Book Read Free

The Awful Truth About the Herbert Quarry Affair

Page 2

by Marco Ocram


  “Not necessarily, Detective. Sometimes life’s not so simple.” I added the stock phrase to give myself time to think of a reason why I wouldn’t know about Herbert’s love life. Not enough time, as it happened.

  “Where were you three days ago?”

  I worked the dates in my head. “New York, why?”

  “Anybody see you there?”

  “Millions, probably.”

  “Huh?”

  “I was on the Noosha Winfrey show. Talking about my book.”

  I meant my other book—the one about tau muons—not this one.

  “Let me tell you why we’re holding Quarry.” Lieutenant Galahad scanned my face for reactions. “Three days ago, we get a call saying Herbert Quarry’s up to no good at his house. We get here, and guess what.”

  I couldn’t guess, so he told me.

  “We find your best friend Herbert kneeling on the floor of his living room in a pool of blood. Lola Kellogg’s body was in pieces around him. He didn’t even register we were there. He was staring ahead and sliding his fingertips through the girls blood.”

  I was horrified by his revelation.

  “Girl’s, Lieutenant, girl’s.” What were they teaching in police college nowadays?

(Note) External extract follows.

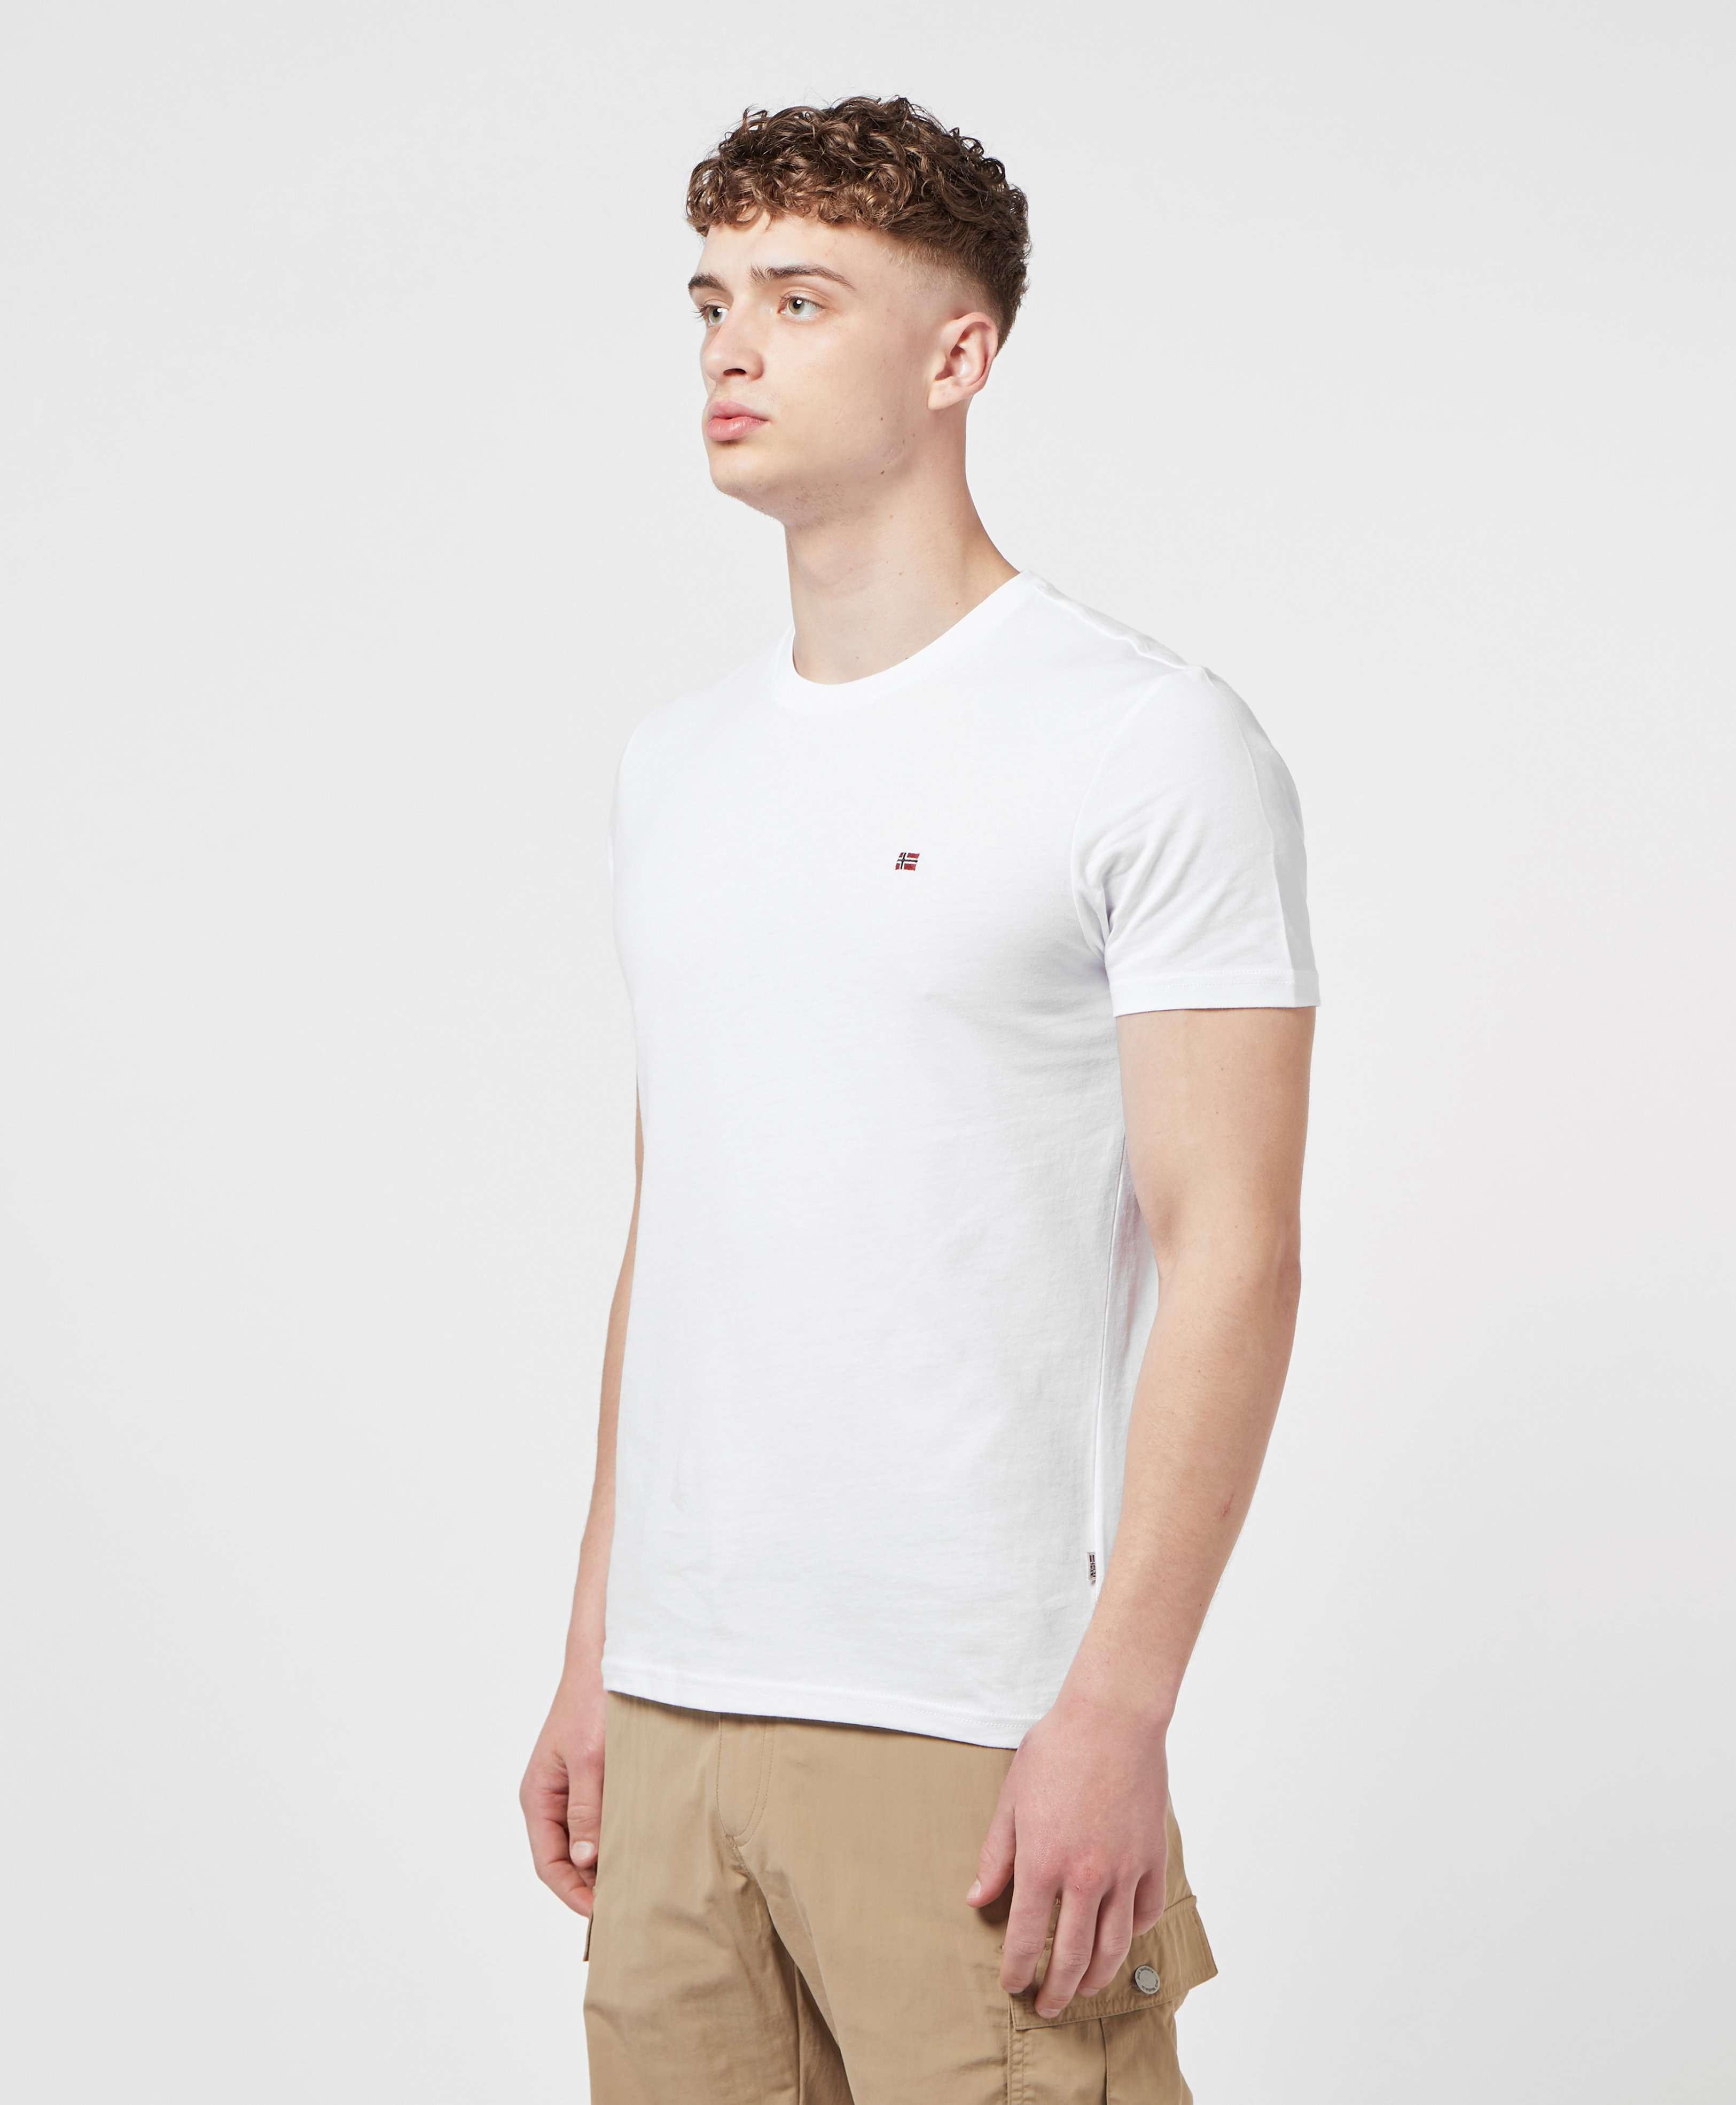 Napapijri Small Flag Short Sleeve T-Shirt

  “You can spell it any way you like, Writer, but the fact is your best friend is facing the chair. He’s killed a fifteen-year-old girl, and all the evidence says he was sleeping with her too.”

  I flopped back in Herbert’s chair, swiveling it as an aid to thought, my eyes swiveling too as I tried to absorb what I’d just typed. Herbert, a murderer! There was no way I could believe it. There and then I formed an unshakeable conviction that Herbert had been framed.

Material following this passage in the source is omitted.